Bézier Curves are one of the 3 command types (with lines and arcs) of an SVG path. It is the mathematical name for a special type of curves that can be defined with 4 points: the "Start" point, the "End" point, and 2 "Control" points.
Most design tools allow you to draw Bézier curves (sometimes called "Pen tool" as in Photoshop, Illustrator, or Figma - or "Vector tool" as in Sketch) and let you define those 4 points.
The curve goes from the "Start" point to the "End" point while the "Control" points define its curvature.

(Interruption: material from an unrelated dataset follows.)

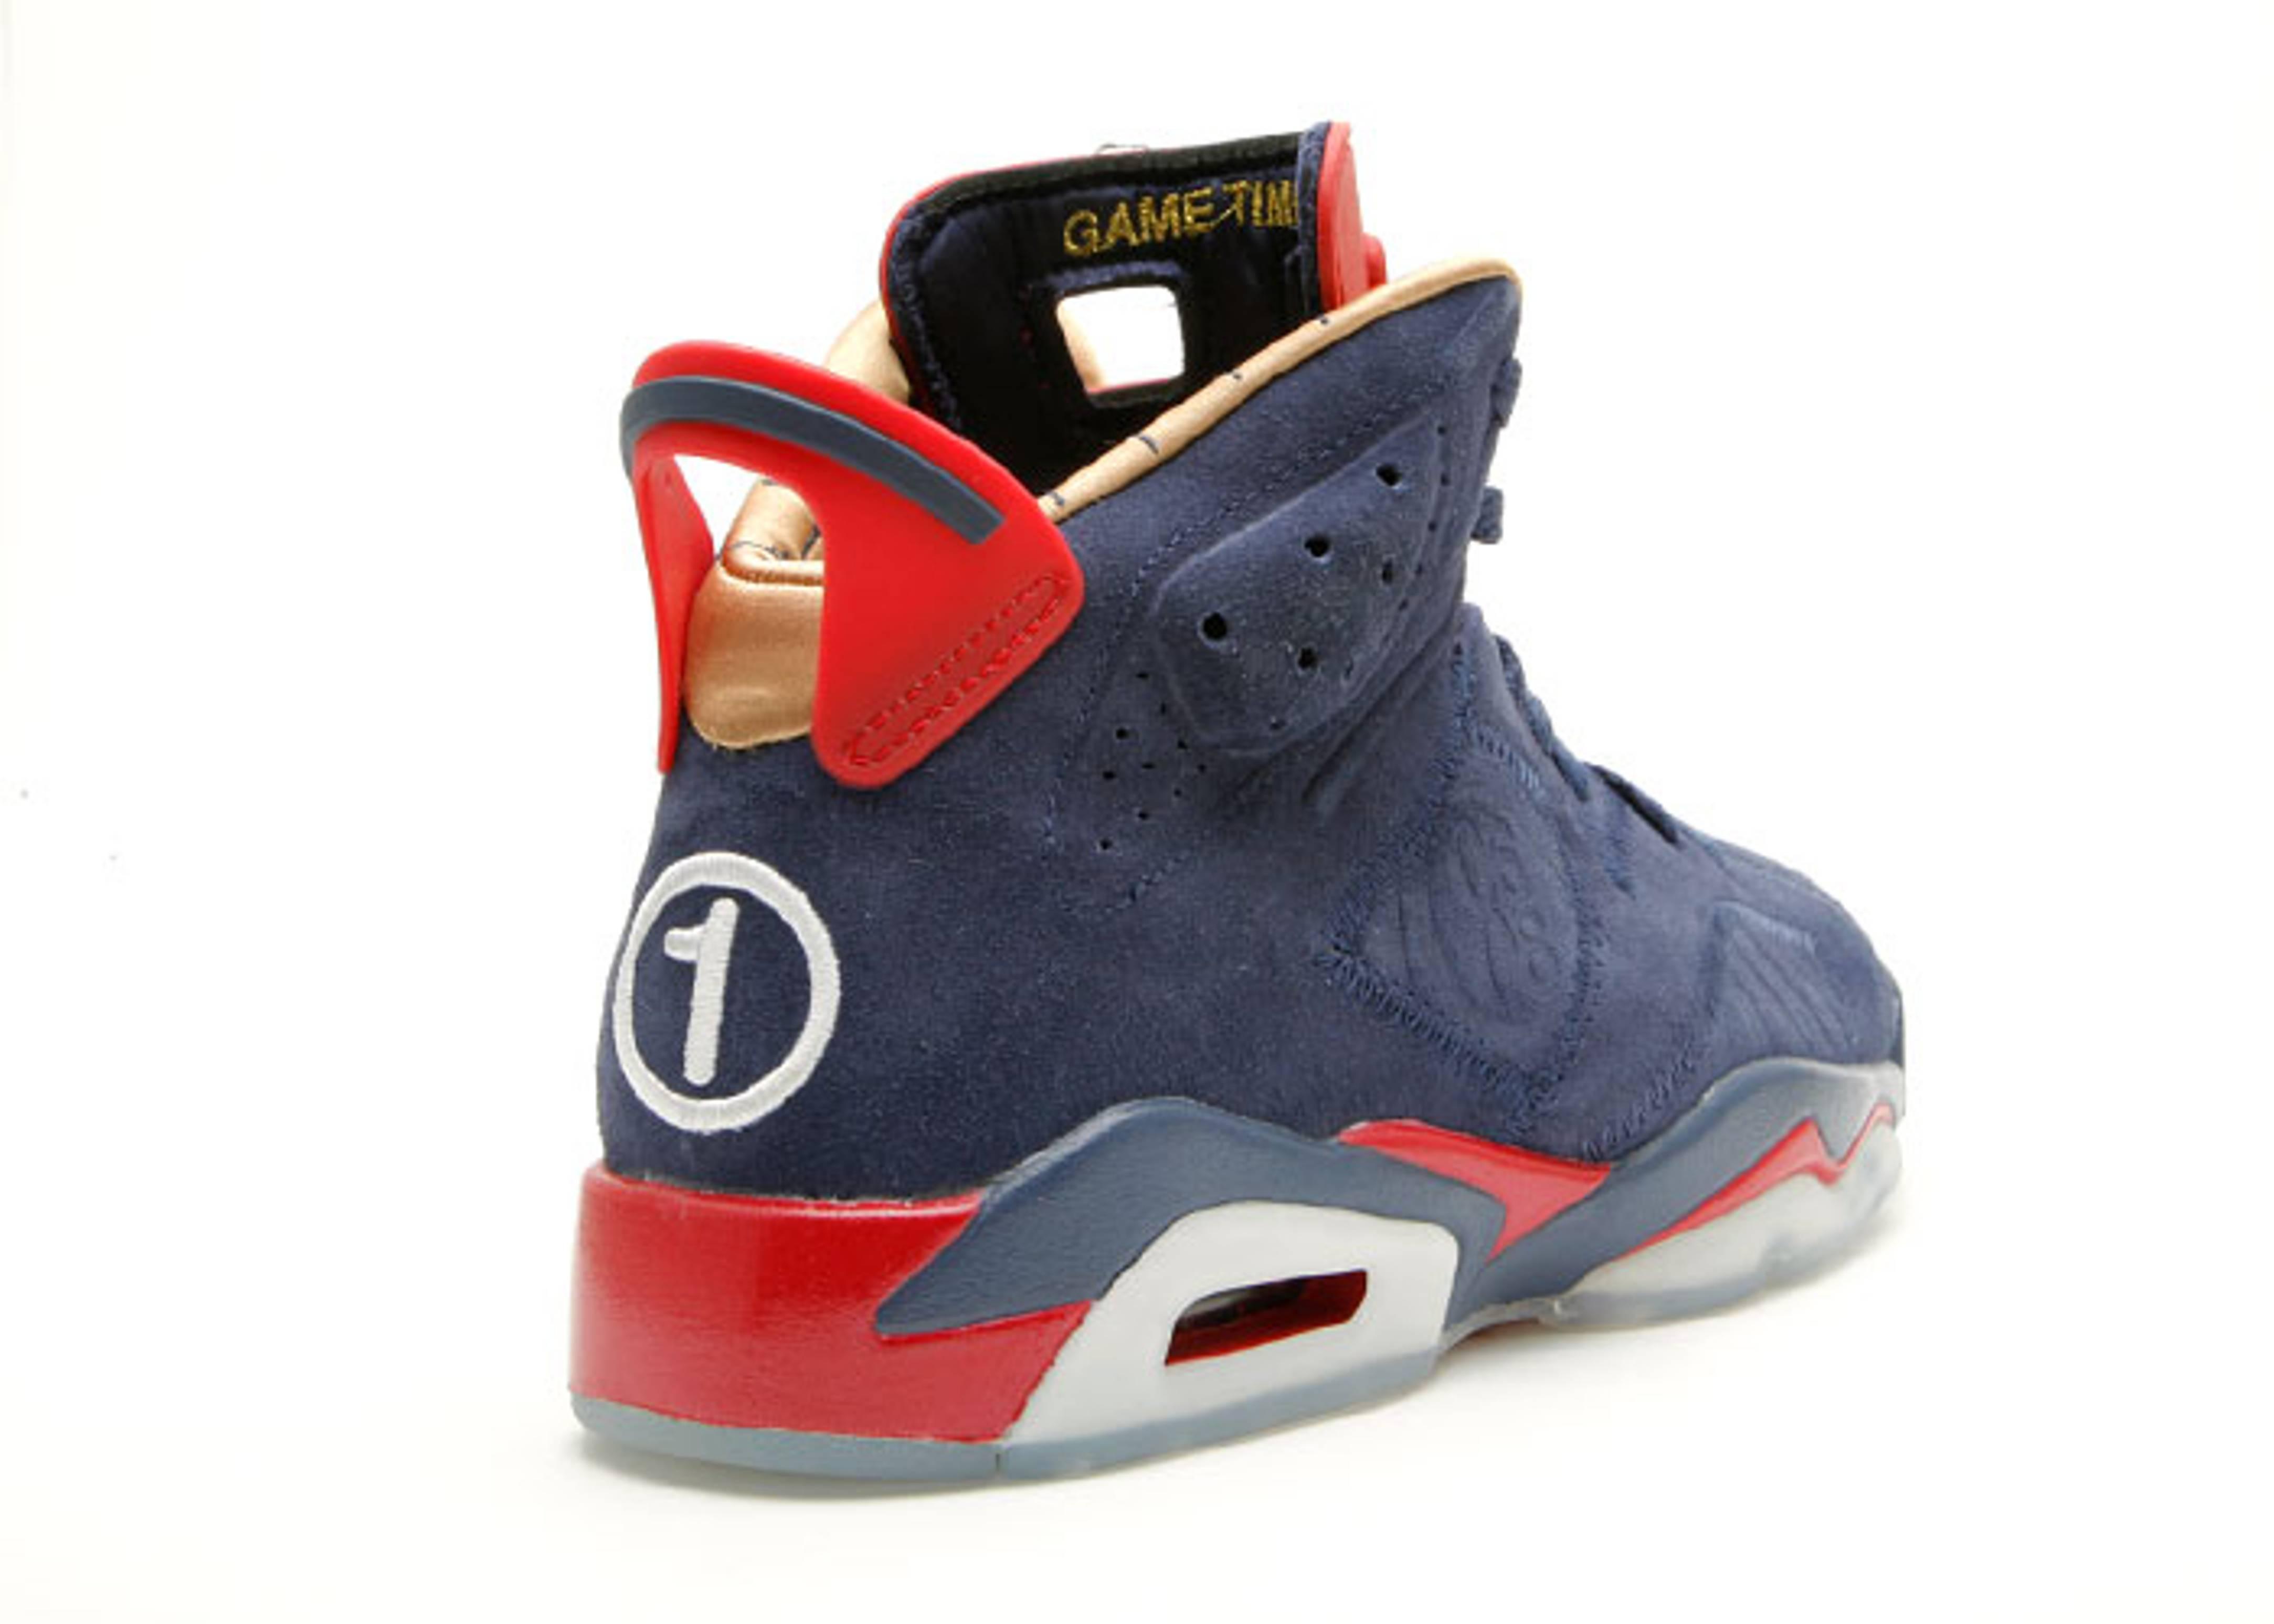 new styles 3d7ea e3cff Air Jordan 6 Retro Db

The reason why those curves are so popular is because of how "smooth" they look like and how fast and easy they are to compute. You might even have done some curve stitching and already drawn one by hand in the case where the 2 control points are the same (this is a special case of Bézier Curves but we will come back to it later).
How does it work?
To get a feel of how Bézier Curves work, imagine you are building a segment of a railway track between 2 places 🚂. The direction and the speed of the train at the beginning and the end are a constraint given by the railway controllers in order for the traffic to be good across the line.
Between the 2 places, the journey needs to be as smooth as possible, which means that the track needs to turn the least possible while respecting the instructions of the controllers.
In our case, that means continuing in the same direction as we arrive while slowly turning to the right.
If there was no speed constraint at the end (and so no direction), we could turn until we face the end and then go straight towards it. Otherwise, we need to take some leeway to match the direction at the end.
How does it translate to SVG?
The Curve command
The command associated with a Bézier Curve is C
. The start point is always a given (the position at the end of the previous command - or (0,0) if it's the first command).
The Smooth Curve command
There are also some special cases of Bézier Curves that have shortcut notations in SVG.
A common case is when you have multiple curves one after the other and you want it to smoothly transition between them. To do so, you need to have the first control point of the next curve be the reflection of the second control point of the previous curve. So as long as you specify one, you shouldn't need to specify the other one. That's what the S
command is for (S for smooth).
If you look back at the Sketch screencast, you will notice that we actually define the reflection of the second control point, implicitly preparing for the next curve segment.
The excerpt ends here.